* **EXERCISE**
Below, find the line containing "Рюкзак молодежный из" and the line containing "Lingerie Panties Colors"; reproduce exactly those two and every line between them, omitting pictures.

* **SUPPLIED RECORDS**
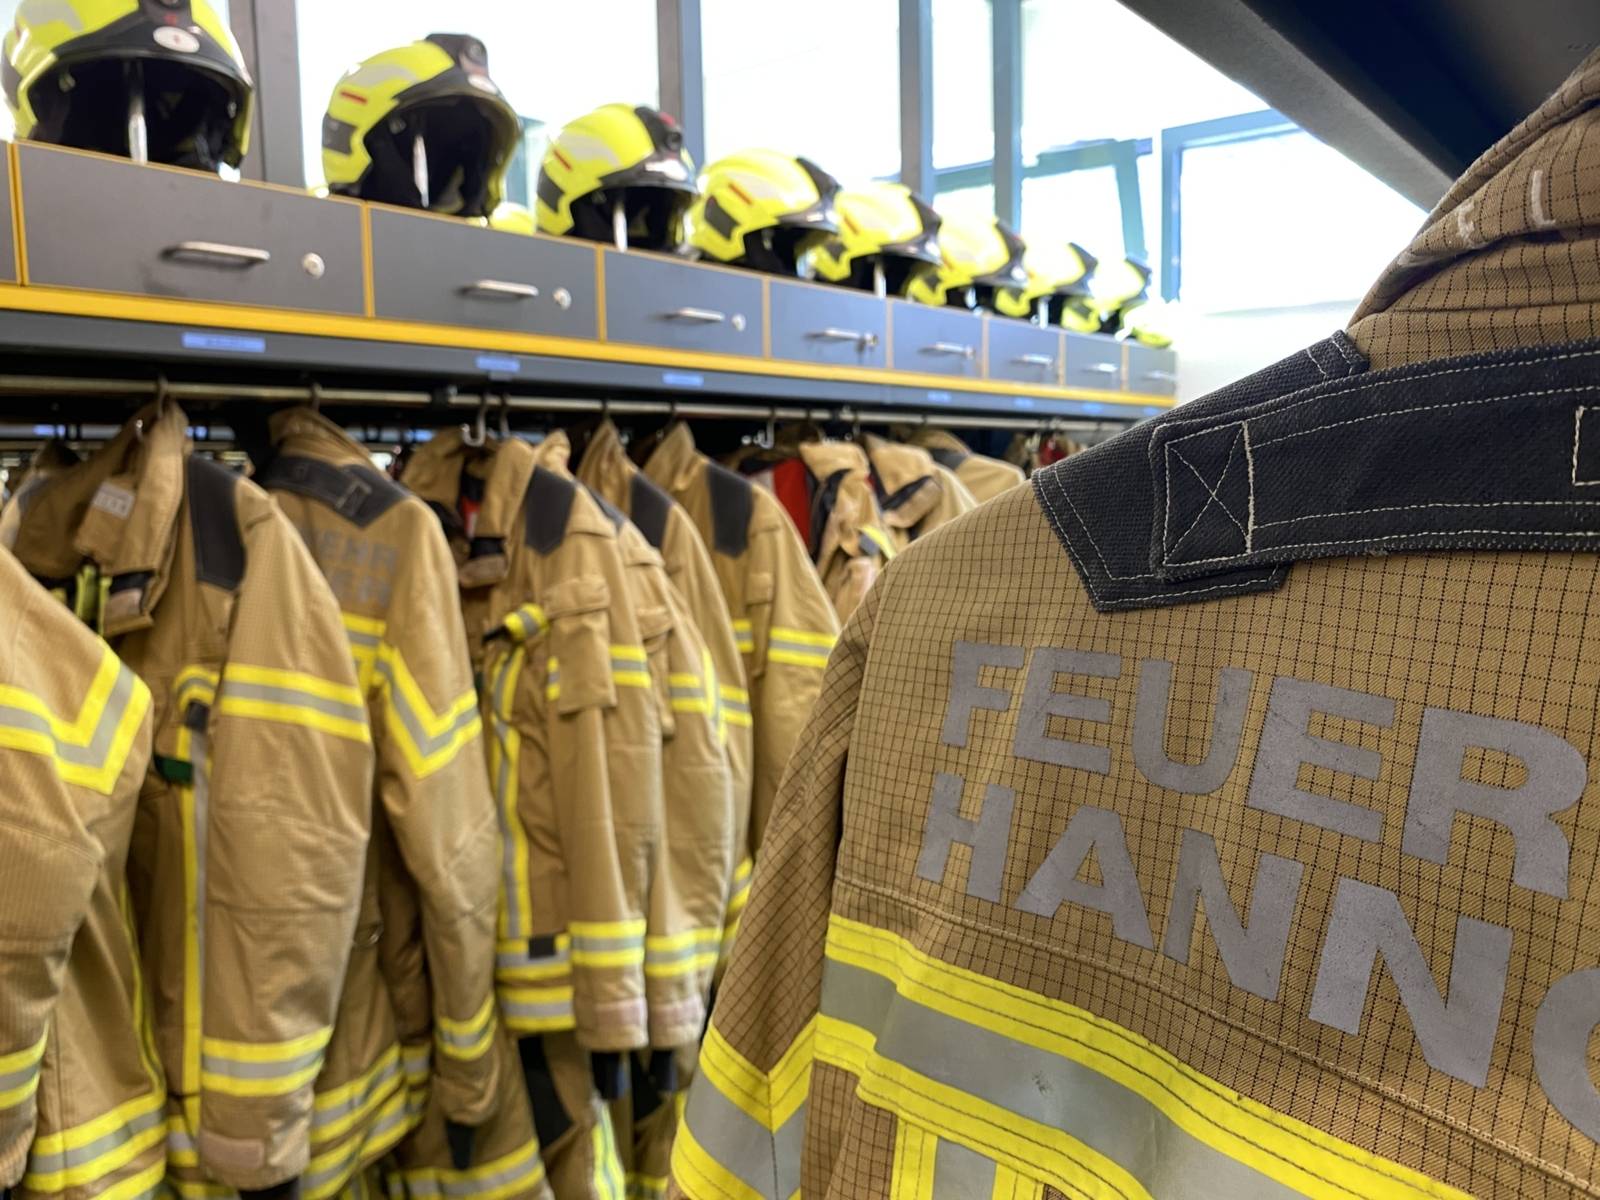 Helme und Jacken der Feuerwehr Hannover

* * *

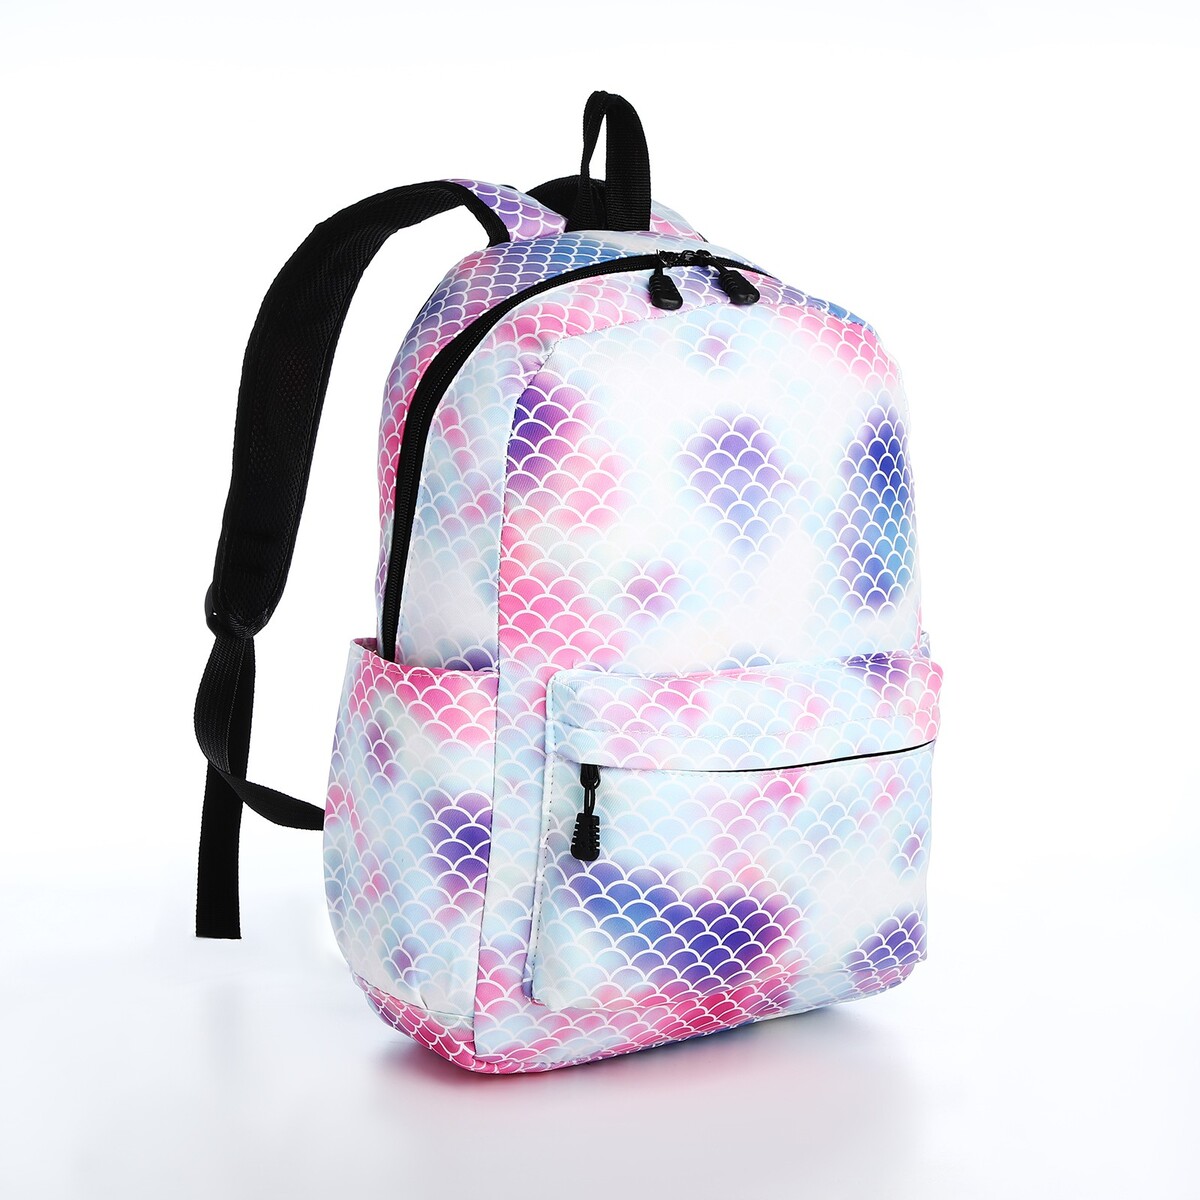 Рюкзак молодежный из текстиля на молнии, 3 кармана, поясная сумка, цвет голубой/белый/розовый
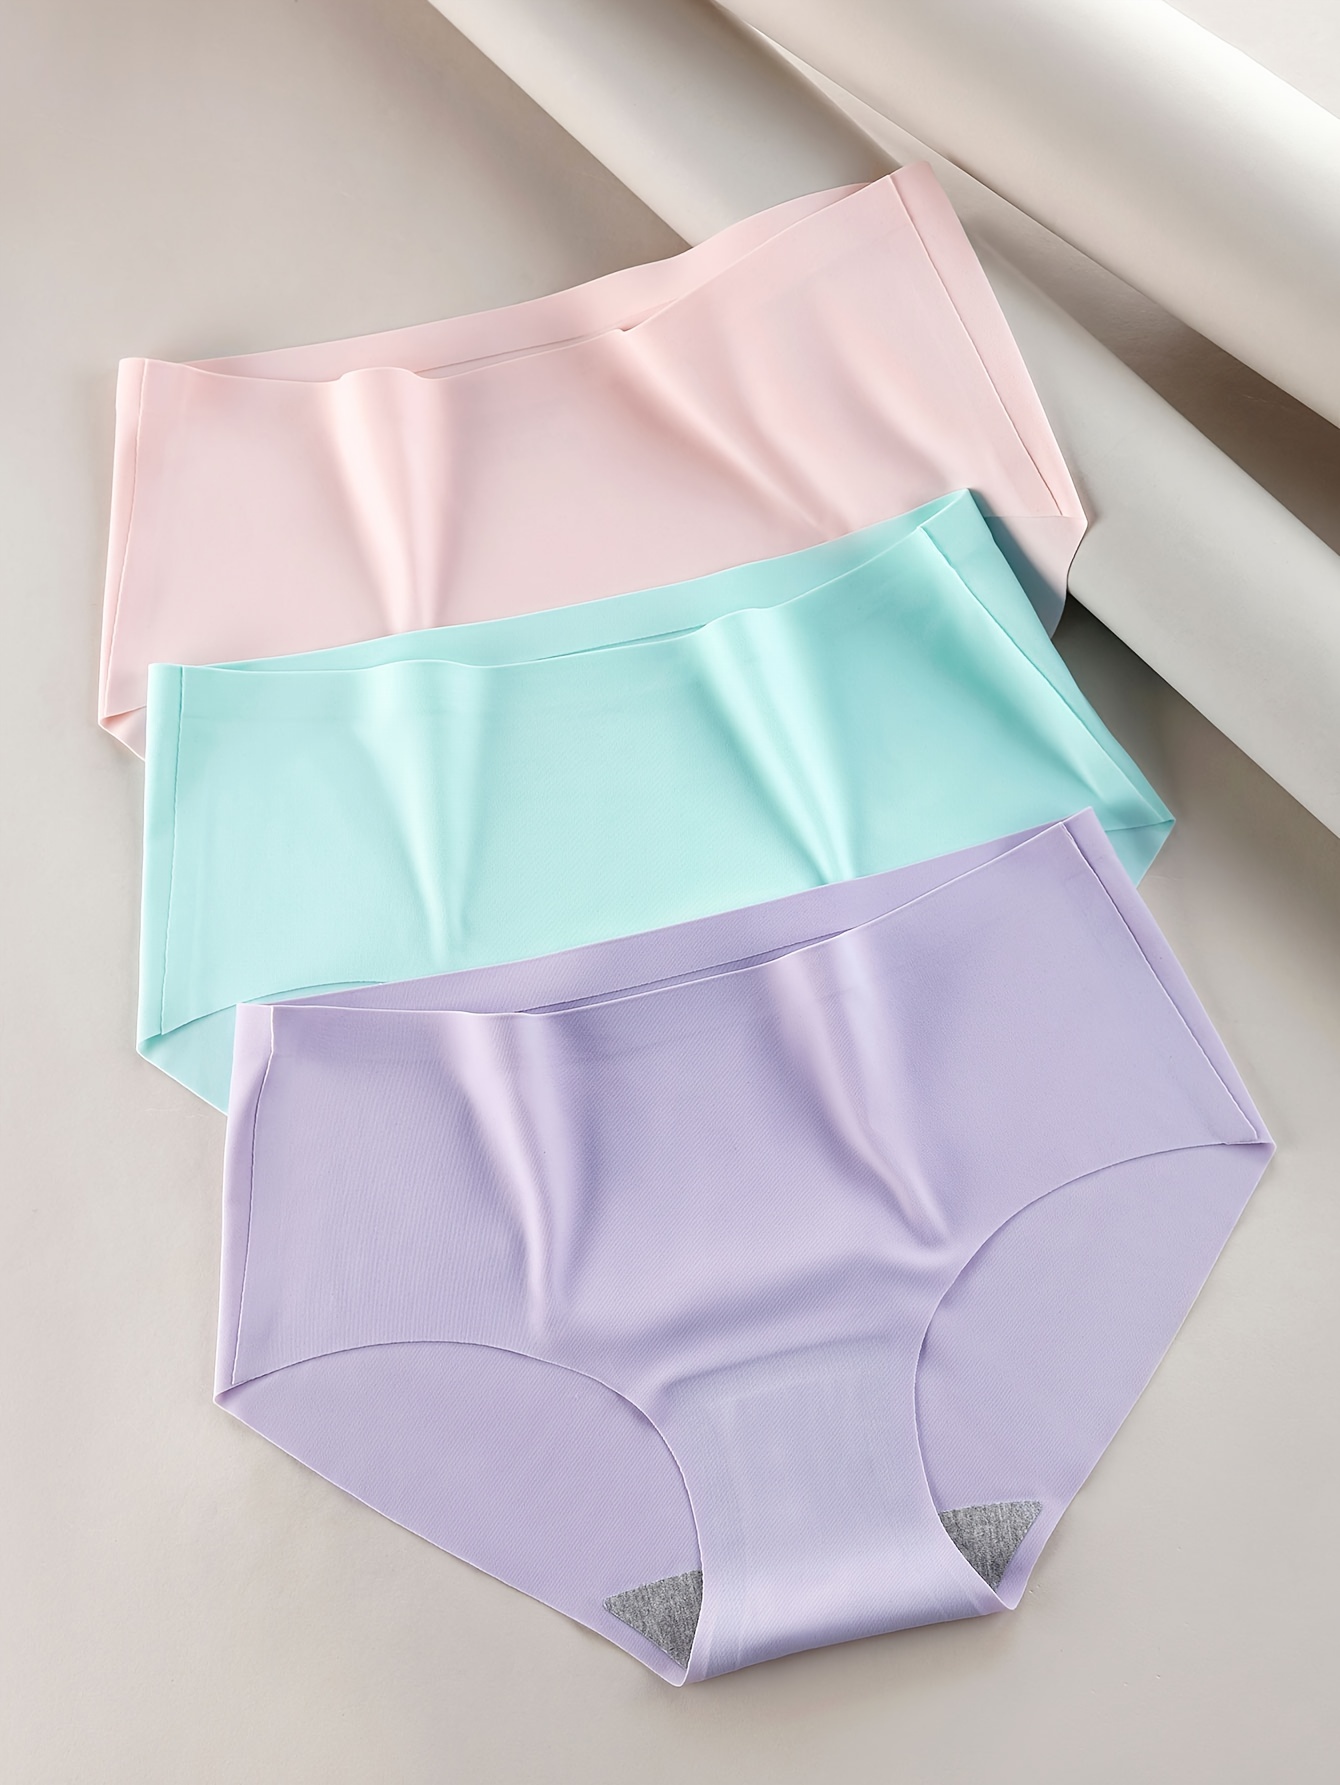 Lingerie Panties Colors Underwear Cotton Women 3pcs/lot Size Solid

* **REPLY**
 Рюкзак молодежный из текстиля на молнии, 3 кармана, поясная сумка, цвет голубой/белый/розовый
 Lingerie Panties Colors Underwear Cotton Women 3pcs/lot Size Solid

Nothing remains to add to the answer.